Directions
Will you write out the data exactly, excluding every picture?

#### Material provided ####

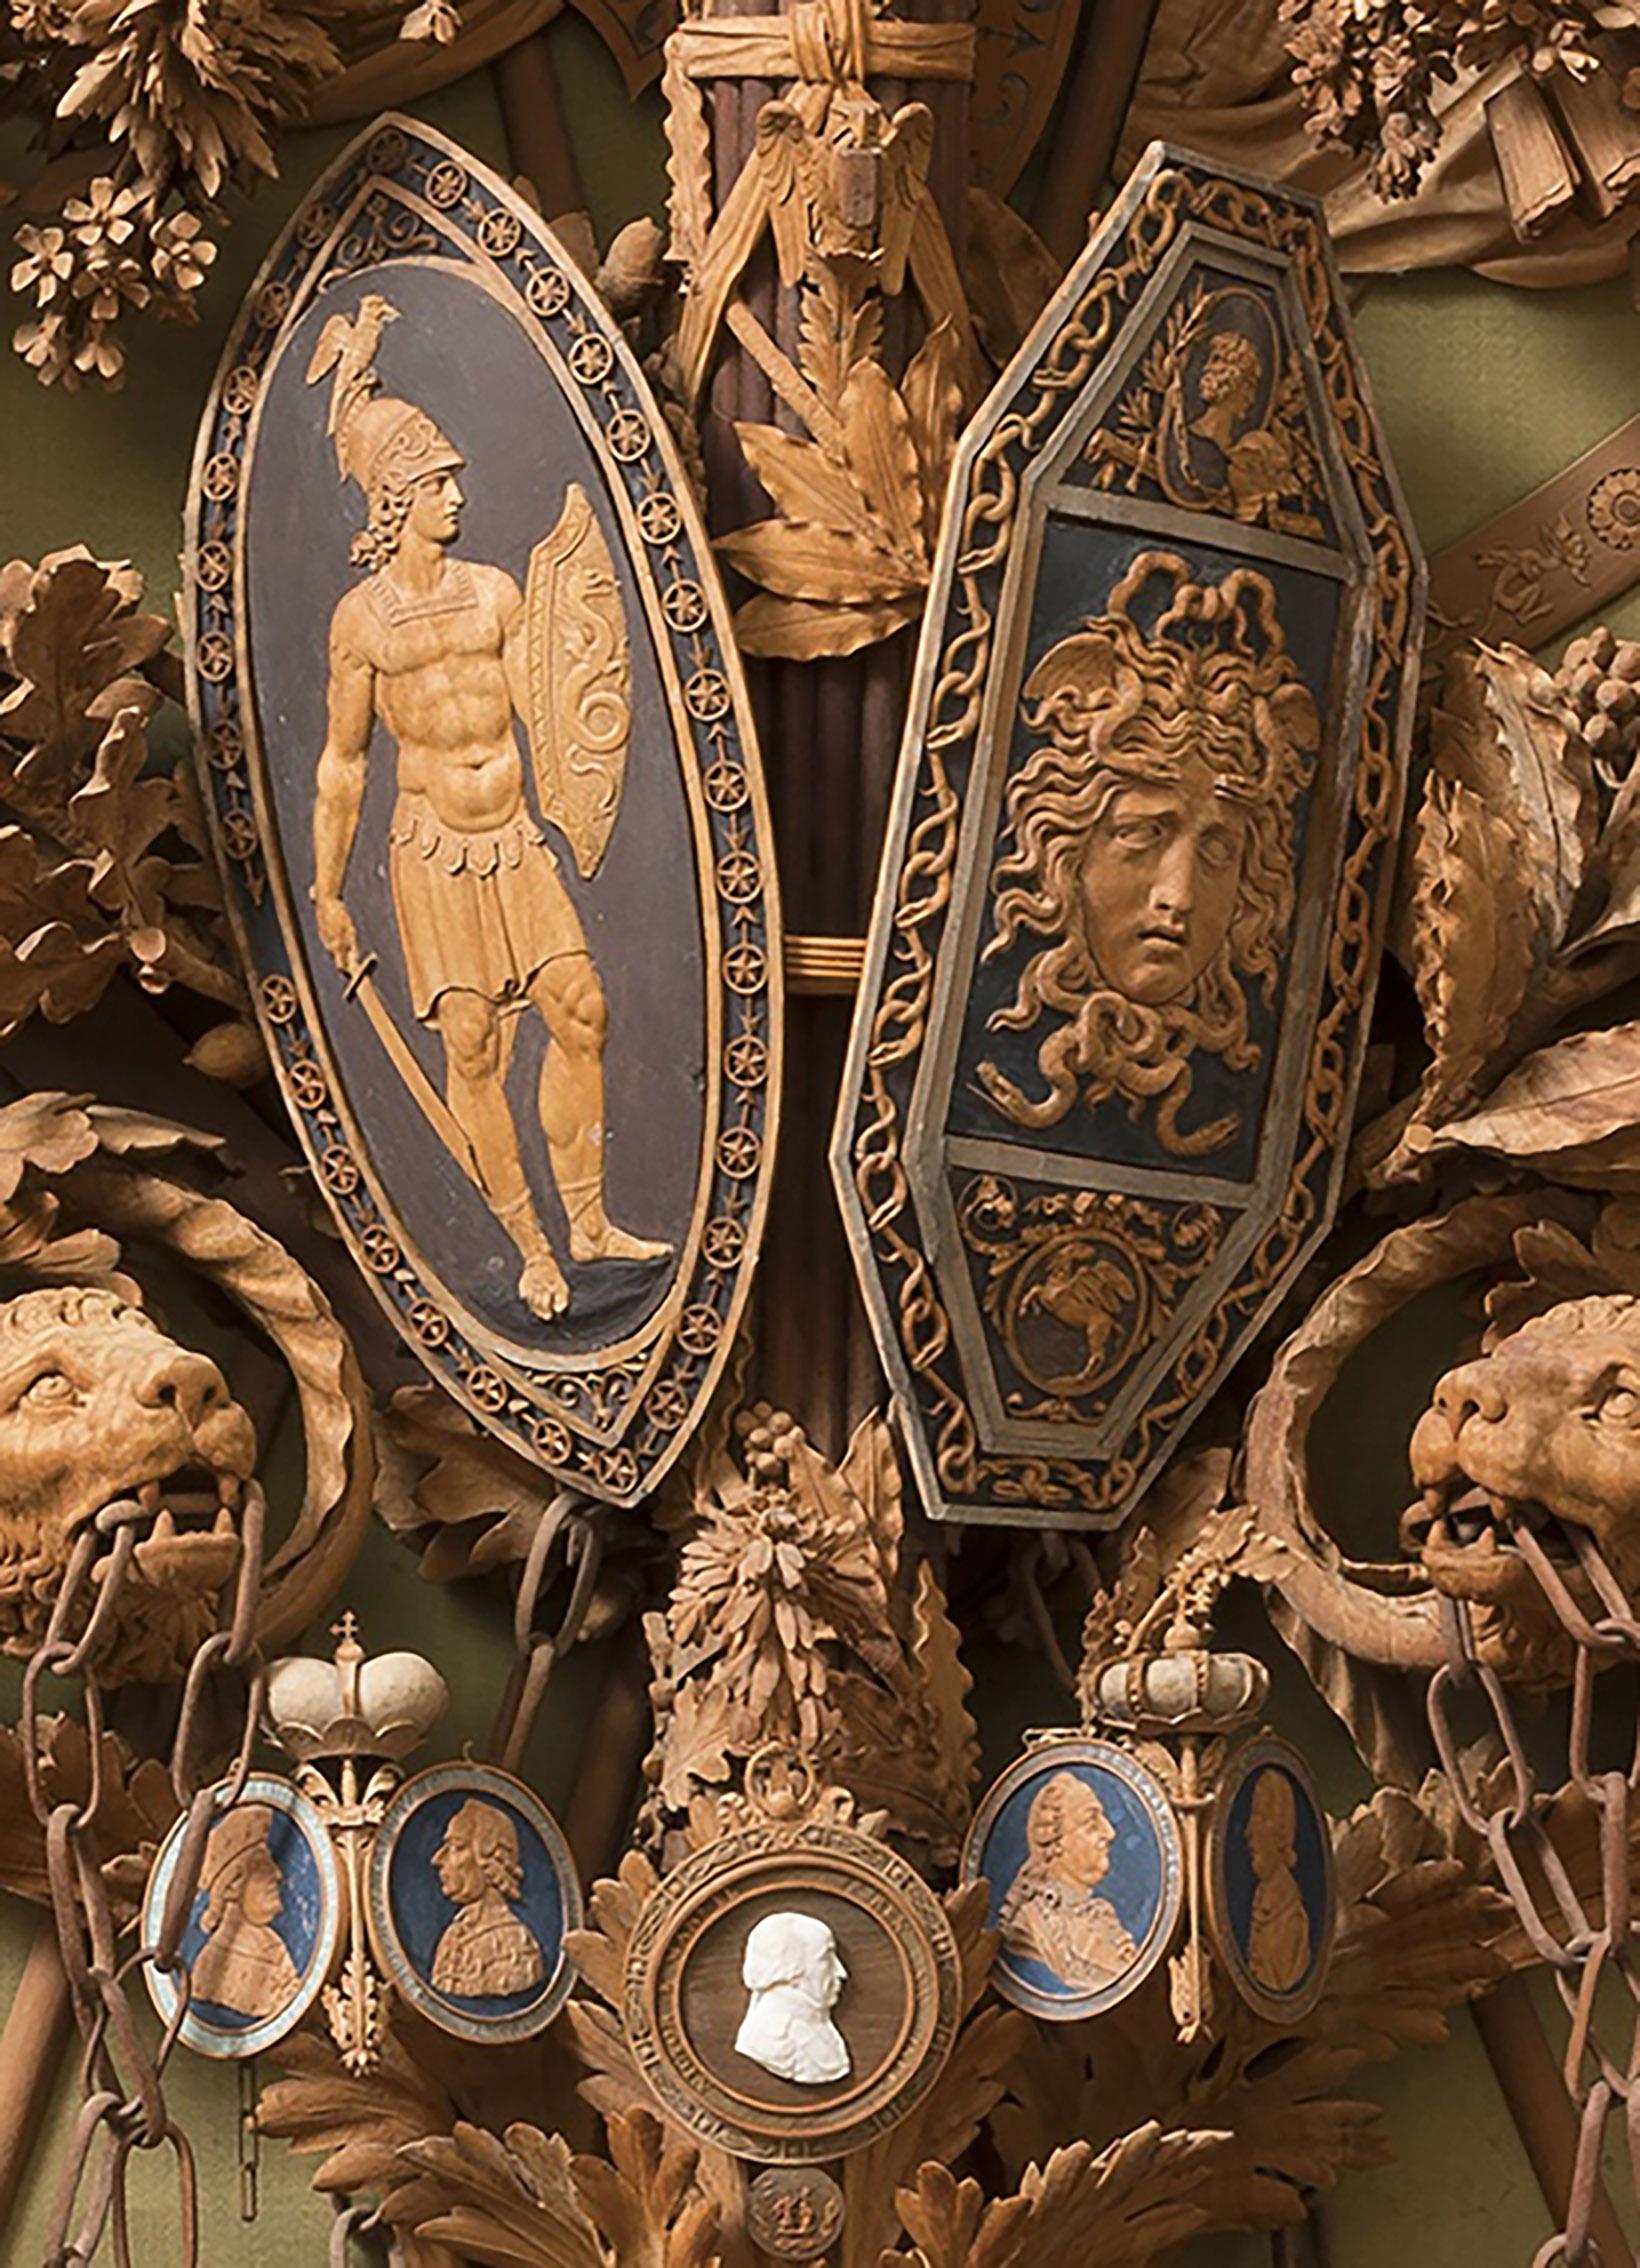 10C Bonzanigo Military trophy 1793-1814 Palazzo Madama Turin detail 2
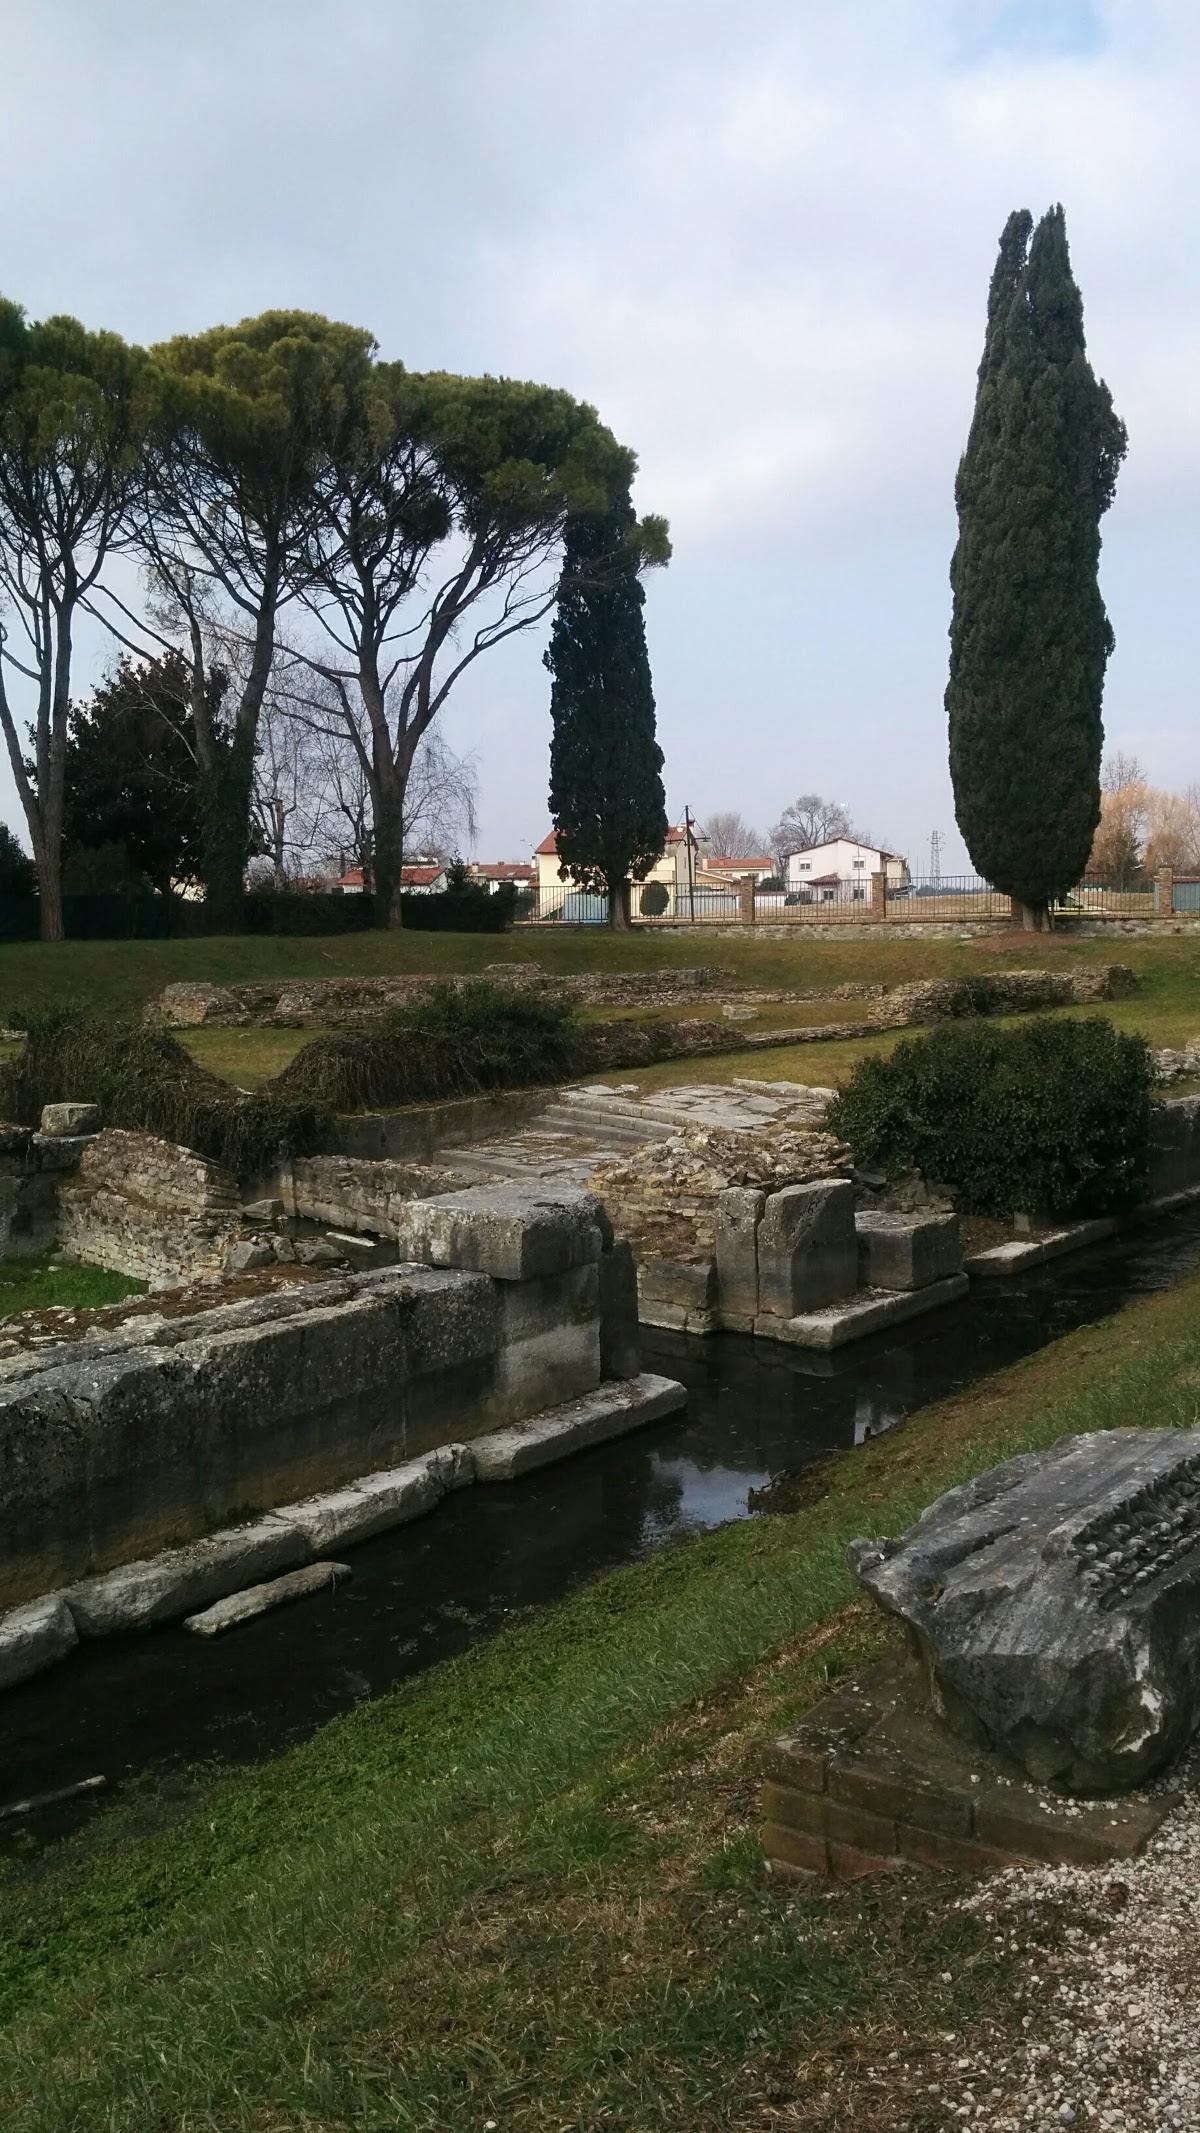 The Roman Port River of Aquileia
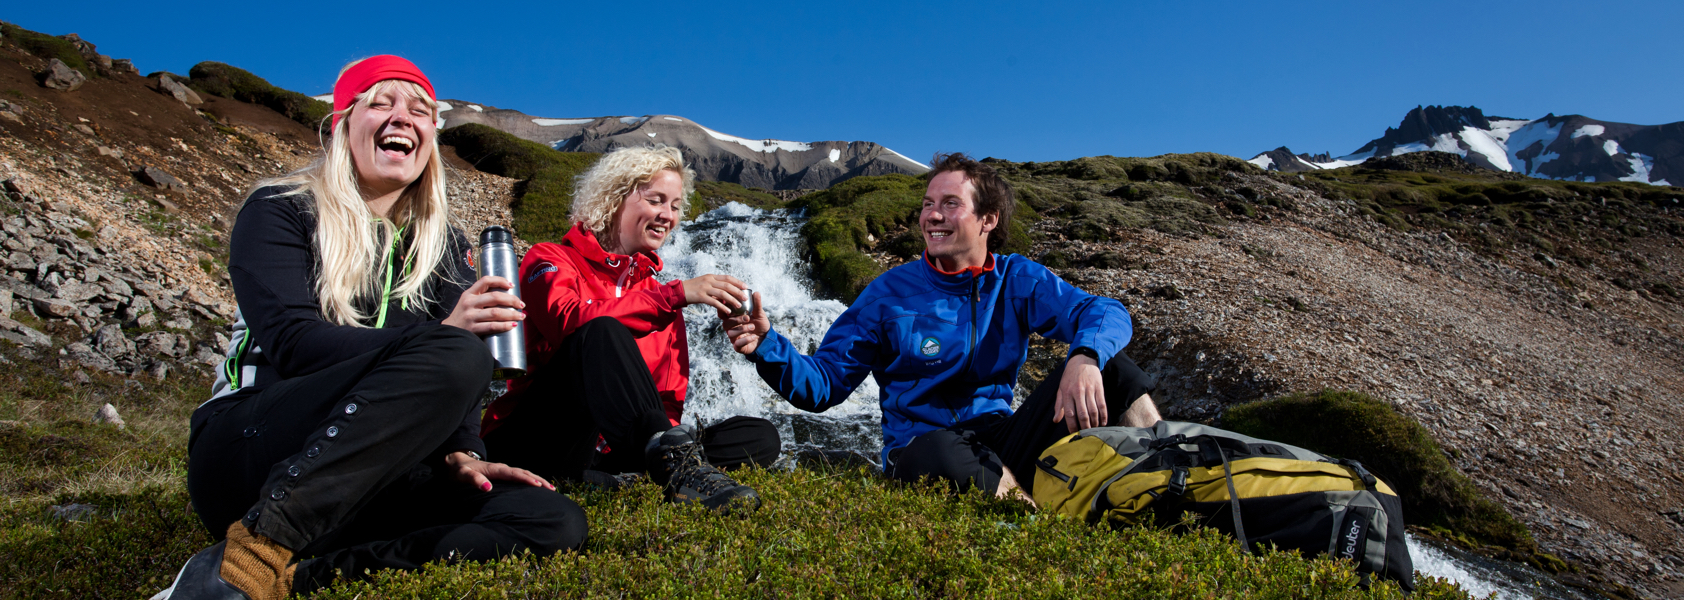 IJsland | Wandelreis Oost IJsland & Thorsmörk

####

Result of this exercise
 10C Bonzanigo Military trophy 1793-1814 Palazzo Madama Turin detail 2
 The Roman Port River of Aquileia
 IJsland | Wandelreis Oost IJsland & Thorsmörk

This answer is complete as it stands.